De Maan als de Almoeder voor dit Universum.
Nu meester Alcar vrijgekomen is van zijn Goddelijk contact, is André het, die zich thans opgetrokken voelt en kunnen wij weer verdergaan.
Het is voor ons ontzagwekkend wat wij te beleven en te voelen krijgen, nu wij deze gigantische „liefdebron” onder óns hart én als mens beleven.
De heiligheid van dit gebeuren spreekt tot onze persoonlijkheid.
Mijn God, valt er over André’s lippen, hoe is het mogelijk?
Ook dit is weer een machtige openbaring voor mijn leven.
Híér, mijn God, is al het leven geboren.
Hier werden de fundamenten gelegd voor de „Universiteit van Christus”!
Voor héél deze ruimte!
De Maan is het, die de „Almoeder” te vertegenwoordigen heeft.
Zij is het, die vanuit het „Almoederschap” werd gevoed en zij is het bovendien, die aan élke levende vonk van God een ziel gaf en kunnen wij als mens zeggen:
„Ik ben ziel van uw ziel, leven van uw leven en geest van uw kosmische geest!”
Héél deze ruimte, mens van de Aarde, uw Universum dus, is „liefde”!
In miljoenen levenswetten zien wij ons zelf thans terug, veel duidelijker, maar vergeestelijkt en verstoffelijkt.
André zegt:
„Mijn meester, wat ik thans beleven mag is ontzagwekkend.
Ik kan eerst nu begrijpen, waardoor het „water” op Aarde tot mijn leven kan spreken.
Ik ga nu mijzelf leren kennen.
Ook ik kreeg mijn ziel van de Maan als „Moeder”, zij bracht mij tot deze bewustwording, met ál het leven van Moeder Aarde.
De Maan vertegenwoordigt de „Albron” in alles.
Zij heeft de „Alziel”, de „Alliefde” vergeestelijkt en verstoffelijkt, de „Algeest”, het „Alvader- en Moederschap.”
Zij heeft de Goddelijke eigenschappen verdicht, waarvan wij thans ál de levensgraden kennen en is dat niet wonderbaarlijk?
Ook het dierenrijk kreeg het eigen leven te beleven.
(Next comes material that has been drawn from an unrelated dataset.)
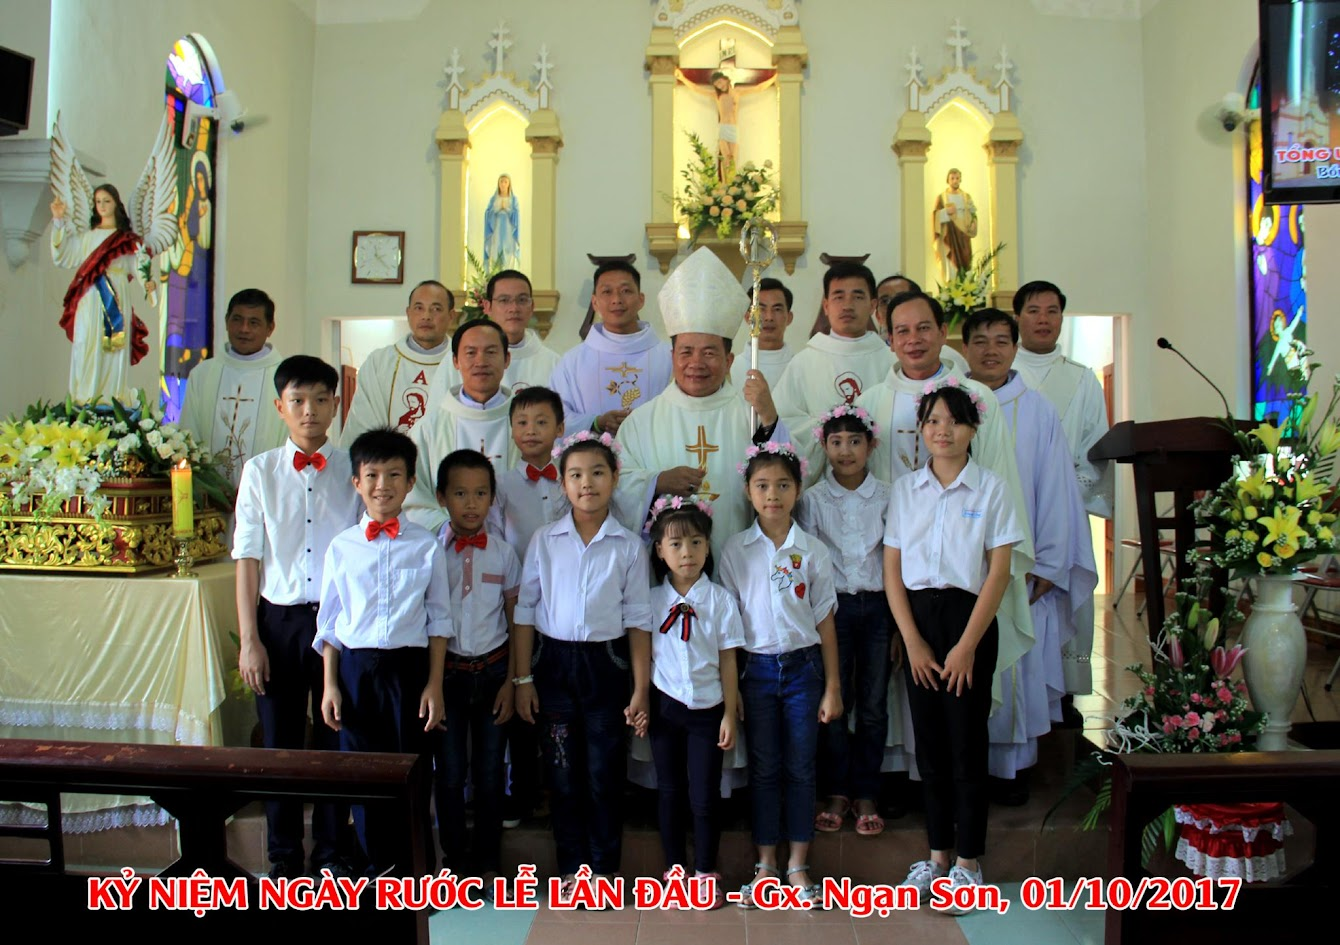 Giáo xứ Ngạn Sơn: Thánh lễ Bổn mạng và Làm phép Nhà mới - Ảnh minh hoạ 25
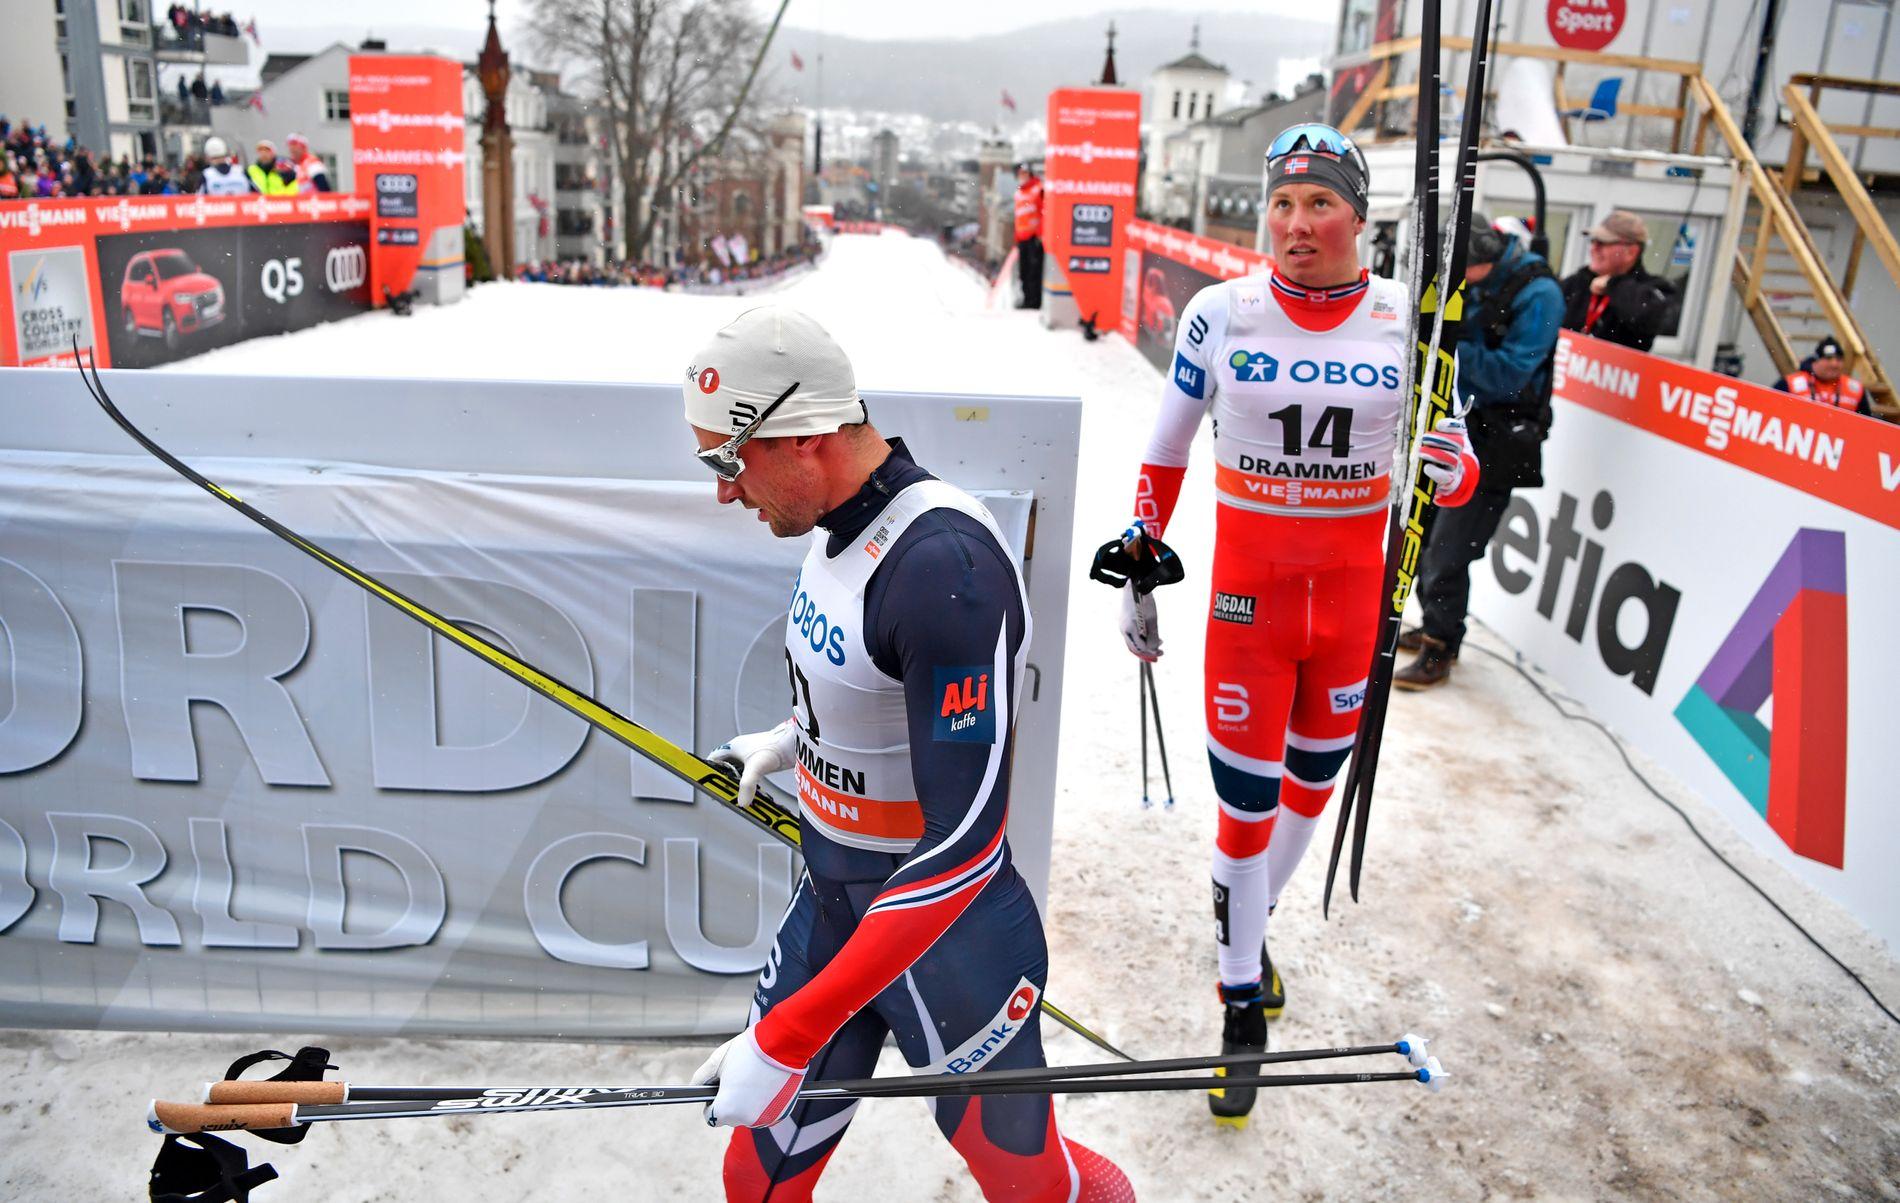 VIDERE OG UTSLÅTT: Petter Northug (venstre) gjør seg klar for finale, mens Emil Iversen konstaterer at det er stopp i semifinalen under sprinten i Drammen i dag.

Ook dat leven heeft het hoogste stadium bereikt en gaat met ons verder en zal tot het bewuste „AL” terugkeren.
Ik beleef die wonderen.
Hier dus, op de Maan, is het innerlijke leven (voor) ál het leven van Moeder Aarde ontstaan.
Hier kregen al deze zelfstandigheden de wedergeboorte te beleven en hierna kon het leven verdergaan.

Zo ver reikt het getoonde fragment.